Exercise requirements: Nothing but the lines from the one with "Украине ➛ CakeShop.com.ua, фото" through the end of the material should be retyped, word for word and without pictures.
*** Data below ***
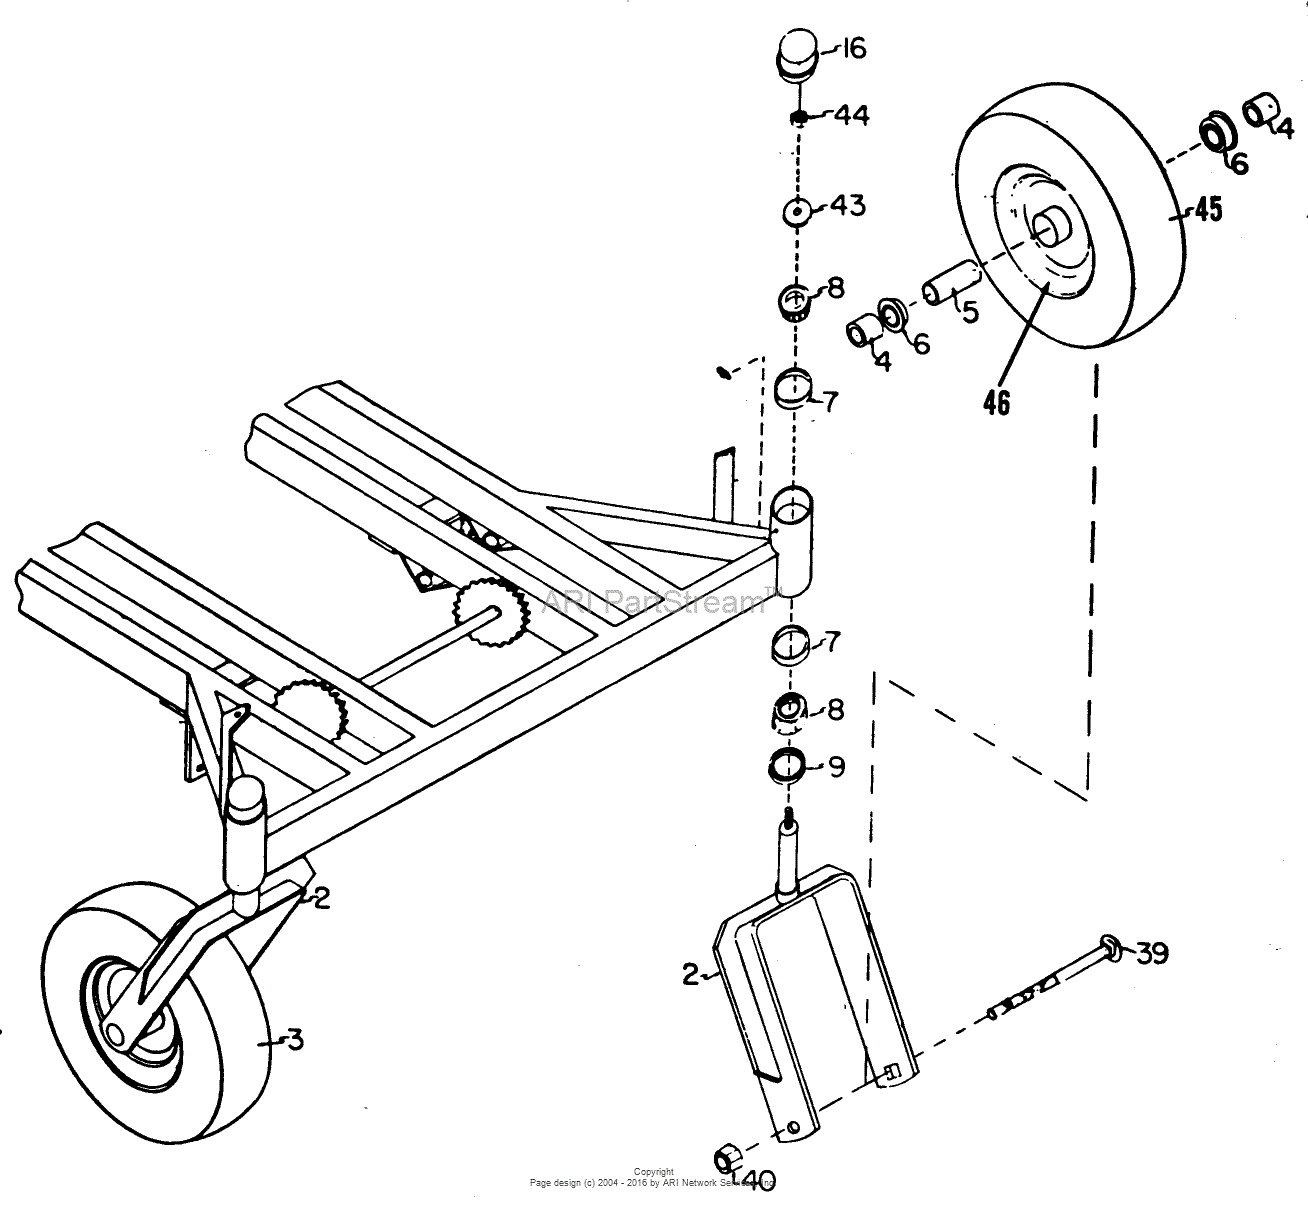 dixie chopper parts diagram
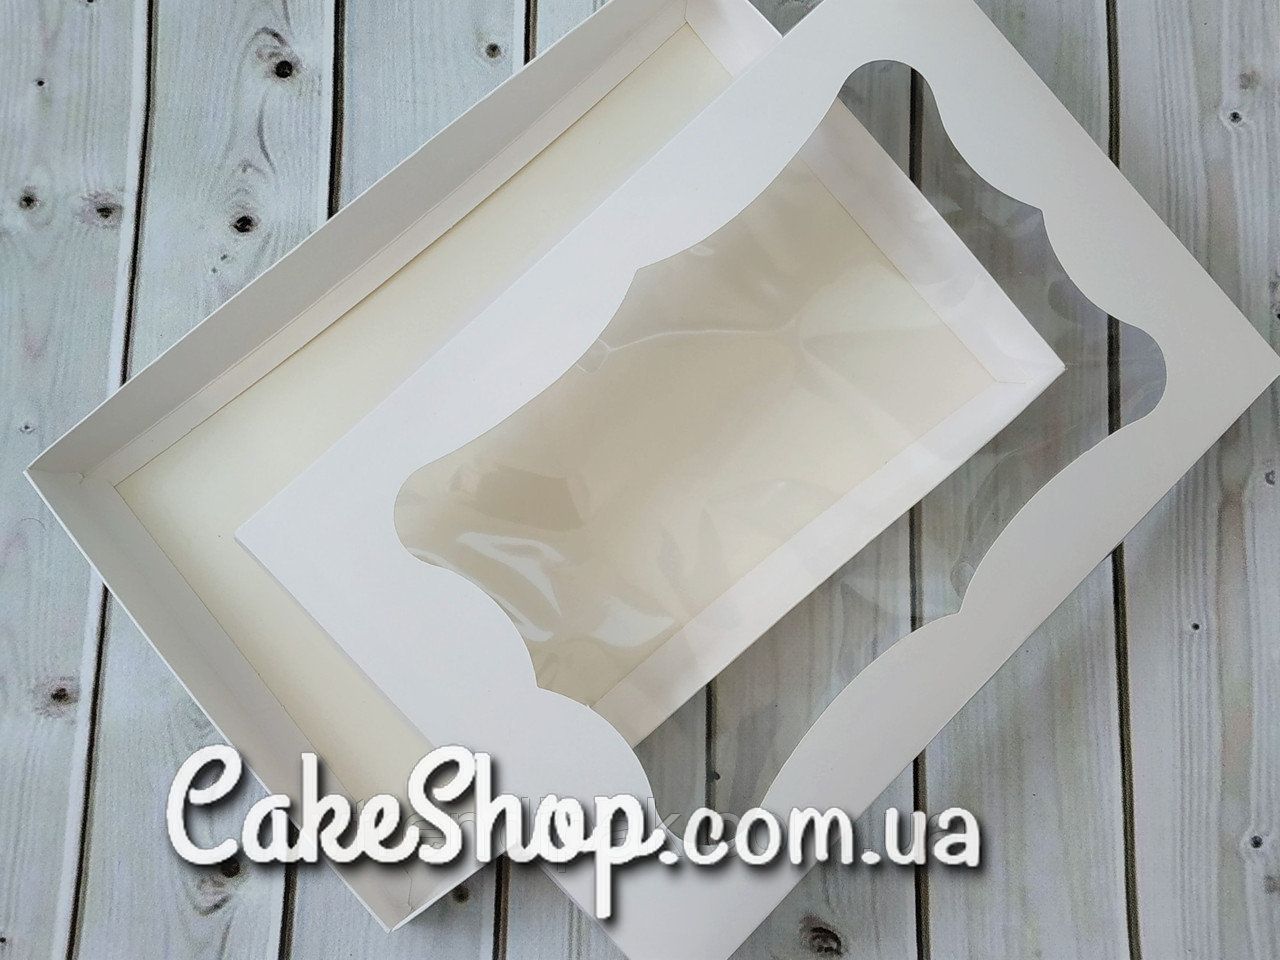 ⋗ Коробка для пряников прямоугольная с фигурным окном Белая, 30х20х3 см купить в Украине ➛ CakeShop.com.ua, фото
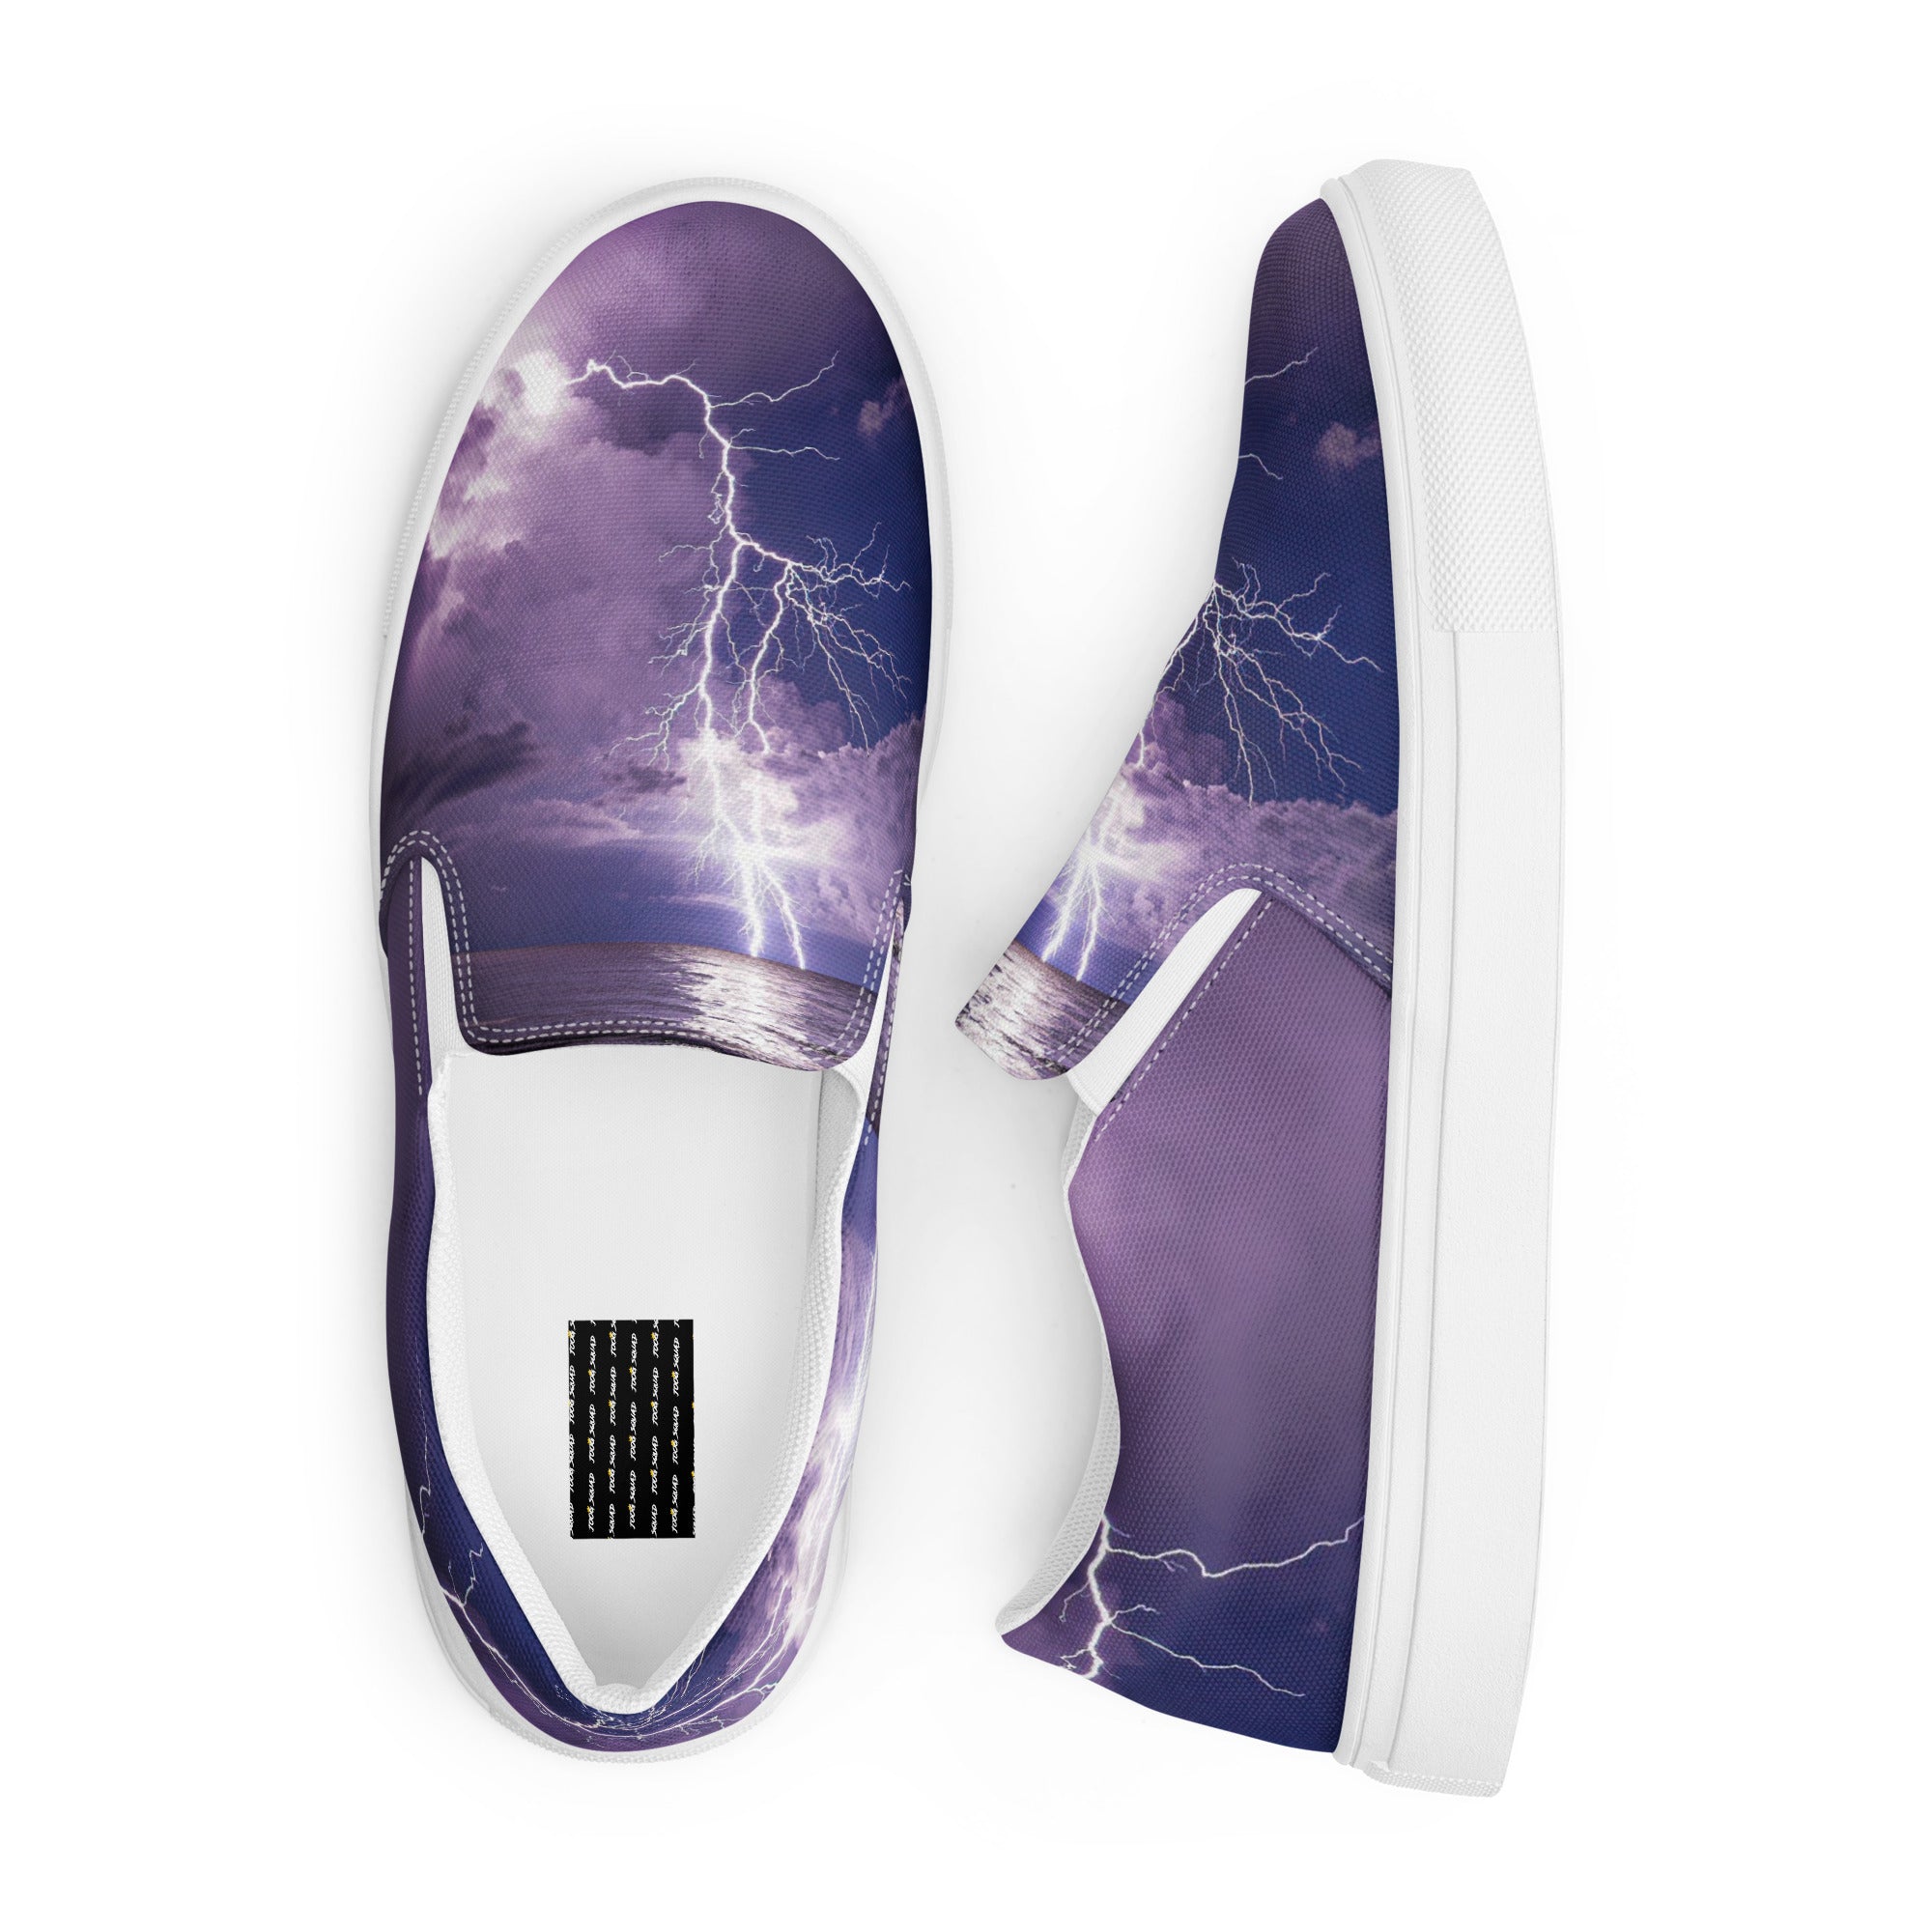 Lightning Strike Men’s slip-on canvas shoes
*** End of Data below ***
Problem solution:
 ⋗ Коробка для пряников прямоугольная с фигурным окном Белая, 30х20х3 см купить в Украине ➛ CakeShop.com.ua, фото
 Lightning Strike Men’s slip-on canvas shoes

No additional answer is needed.